Consequently, the court, and/or the local authority or adoption agency, is enabled to exercise its broad judgment on the facts of each individual case, taking into account all of the family circumstances, but attaching primacy to the welfare of the subject child. 

49.               In exercising that broad discretion, I would suggest that the following be borne in mind.  There will be cases (if, for instance, there is a history of domestic or family abuse) where it would be unsafe to the child or the parent for the wider family to be involved in the life of the child, or even made aware of the existence of the child.  There will be cases where cultural or religious considerations may materially impact on the issue of disclosure.  There will be further cases where the mental health or well-being of the parent or parents may be imperilled if disclosure were to be ordered, and this may weigh heavy in the evaluation.  But in exercising judgment – whether that be by the local authority, adoption agency or court – I am clear that the wider family should not simply be ignored on the say-so of a parent.  Generally, the ability and/or willingness of the wider family to provide the child with a secure environment in which to grow ( section 1(4)(f)(ii) ACA 2002 ) should be carefully scrutinised, and the option itself should be “fully explored” (see [28]).  The approach taken by Sumner J in the Birmingham case more than a decade ago, to the effect that “cogent and compelling” grounds should exist before the court could endorse an arrangement for the despatch of public law proceedings while the wider family remained ignorant of the existence of the child (see [29] above), remains, in my judgment, sound.  This approach is in keeping with the key principles of the CA 1989 and the ACA 2002 that children are generally best looked after within their own family, save where that outcome is not consistent with their welfare, and that a care order on a plan for adoption is appropriate only where no other course is possible in the child’s interests (see Re B (A child) and Re B-S ).

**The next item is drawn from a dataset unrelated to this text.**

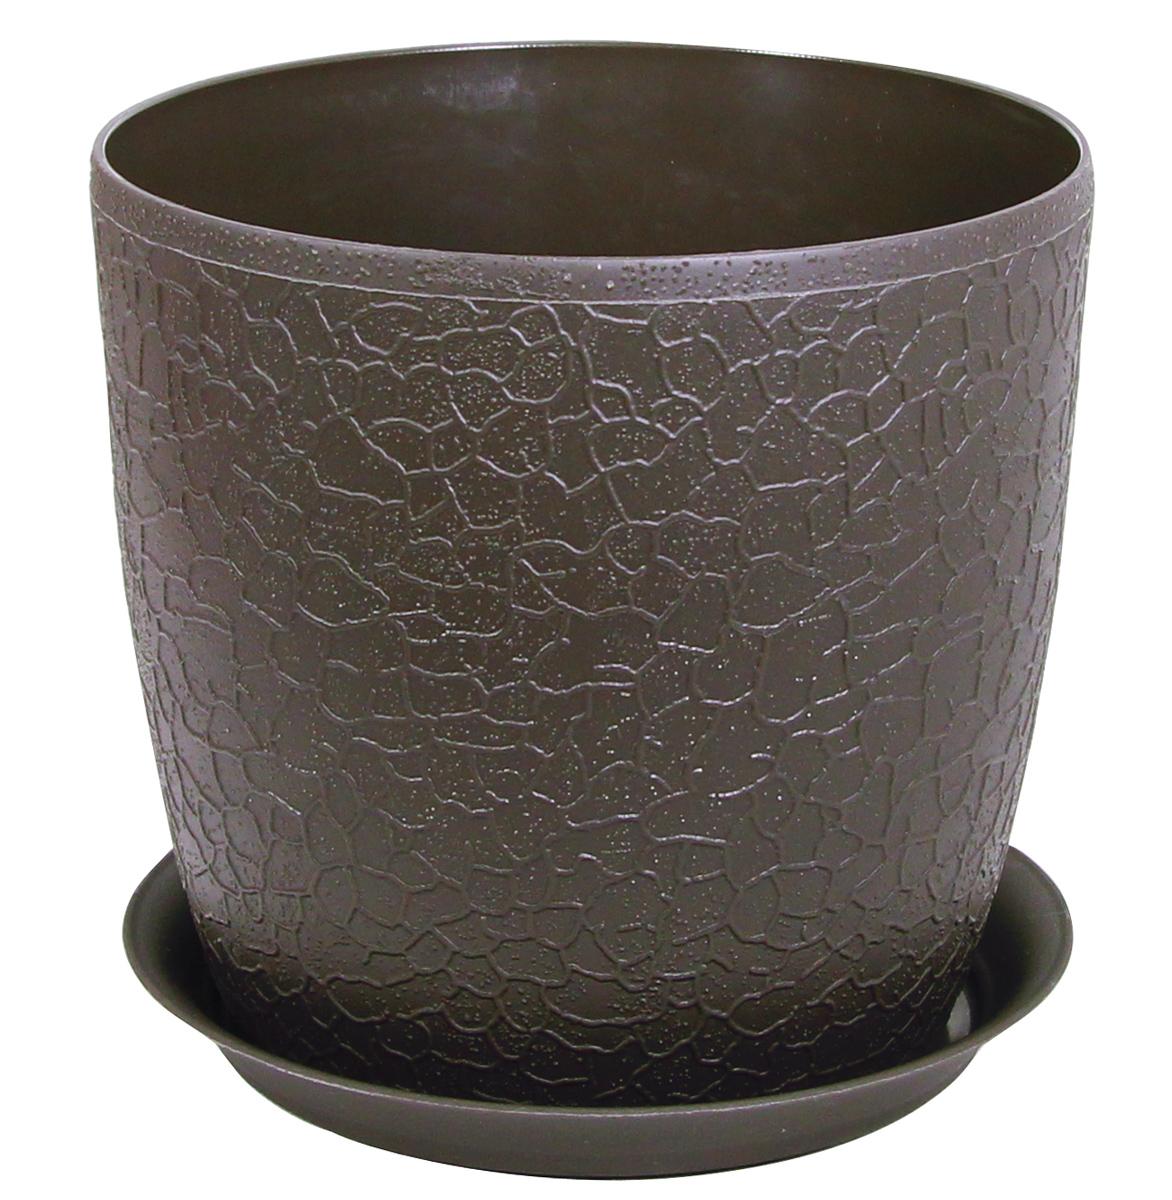 Кашпо Idea Верона, с подставкой, цвет: коричневый, диаметр 18 см531-105Кашпо Idea Верона изготовлено из полипропилена (пластика). Специальная подставка предназначена для стока воды. Изделие прекрасно подходит для выращивания растений и цветов в домашних условиях.Диаметр кашпо: 18 см.Высота кашпо: 16,1 см.

50.               As the DfE and FRG and associated guidance makes clear (see [25]-[27] above), good social work practice requires the early identification of family members who may be able to provide safe care to meet the child’s needs, and/or contribute to the decision making in respect of the child where there are child protection or welfare concerns; the FRG rightly refers to a “duty” on local authorities to work in partnership with parents and relatives.  It was this exercise which Holman J in Z County Council v R [2001] described when, at p.375 ibid., he referred to the fact that “there should normally be wide consultation with, and consideration of, the extended family; and that should only be dispensed with after due and careful consideration ” (my emphasis by underlining).

 

 

The line of ‘relinquished’ baby cases discussed above ([33] et seq .), where the court is prepared to offer discreet and confidential arrangements for the adoption of a child, all emphasise the exceptionality of such arrangements; in those cases, the court is only ever likely to authorise the withholding of information in order to give effect to a clear and reasoned request by a parent to have nothing to do with the child, usually from the moment of birth.  In those cases, the local authority, adoption agency and the court seek to maintain the co-operation of the parent in making consensual arrangements for the child (a key feature of the decision in Z County Council v R (Holman J)) which is greatly to the child’s advantage. 

 

 

 

So not a duty in the ‘statutory’ sense, but unless there are cogent and compelling reasons to not explore the extended family  /  due and careful consideration of the reasons not to explore them, the Court should be very careful about proceeding with a plan of adoption.  That does seem that it is not as simple as the Local Authority saying “well, the parents didn’t put anyone forward”

 

The judgment doesn’t really deal with the power the LA has to share information with the wider family (after all, approaching Auntie Beryl to see if she can care for Little Timmy is inherently telling her that there are reasons why mum and dad aren’t able to) and the GDPR aspects.  In this case, that’s solved by the Court authorising it, and it may be that this is the best solution – to float that there IS an Auntie Beryl who the LA would want to explore and either seek parental consent to do so or have a direction from the Court.

 

 

Bullish but not bullying? UNDER PRESSURE

Couldn’t decide between my two titles here, so you get a job lot.

 

I do like a case name that tells you something about the nature of the case, so G (Children: Fair Hearing), Re [2019] EWCA Civ 126 (07 February 2019) told me it was probably going to be worth a read.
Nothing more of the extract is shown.